Now inside, the Head Fireman, filling out the form, says they'll need Ozzy's address. Ozzy turns to the camera and asks, "Where do I live?" One fireman laughs. So do I.
Okay, so now Sharon talks to Jack's Helper, a big bushy dude. Jack is going to North Carolina to do a spot on Dawson's Creek. That's so funny on so many levels, I'm not sure where to begin. Sharon sits the guy down and tells him that Jack needs to learn his script. (I guess Sharon will be taking fifteen percent of Jack's Creek money, like she takes fifteen percent of everything else the family earns.) Jack's Helper says that he only has five lines, and Sharon goes on that he needs to have those five lines down, and the dude mumbles that it'll be easy because it's only cursing. Sharon looks stunned as the dude says his first line is, "Do you know where I can get some drugs?" Sharon looks aghast and says that was going to be her second thing -- Sharon tells him to make sure Jack doesn't do any pot or drink, and that he is to go everywhere with Jack and physically take drinks out of his hand.
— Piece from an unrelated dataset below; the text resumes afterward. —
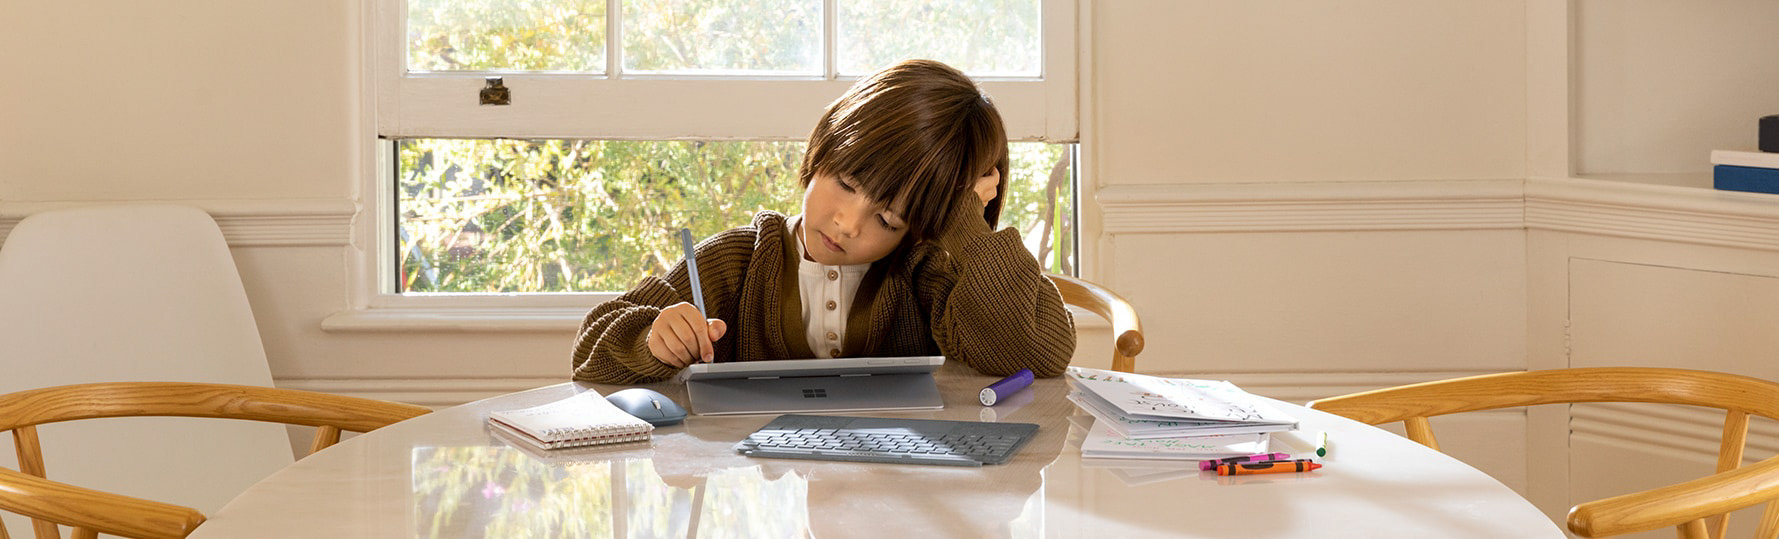 ノート PC をペンで操作する子ども

Man, how odd is it that Sharon needs to hire a guy to make sure her son doesn't misbehave. What a life that kid has. It's almost as if no well, it's almost as if she has to hire friends for Jack, but that couldn't be. Sharon goes on that Jack has to be kind to everyone and thank them, and that if he gets "lippy," Jack's Helper should smack him. I guess Melinda is now Kelly's Bad Nanny and this dude is Jack's. (Big shock that Jack would prefer an older Boy Nanny. I imagine the surfers weren't available.) Jack comes in and says bye to Mom. Sharon doesn't want him to leave -- she doesn't like everyone leaving. She makes him promise to be a good boy, and then she kisses his hand and tells him to get out of there. "You just have some fun, and when you've had enough fun, come home," she says. Wow, words that I'm sure she's said to Ozzy thousand of times over the years. (Ladies, if you ever have wondered what's the one sentence your men want to hear you say. That's it. Well, that or "I brought home a girl for us." Either one.)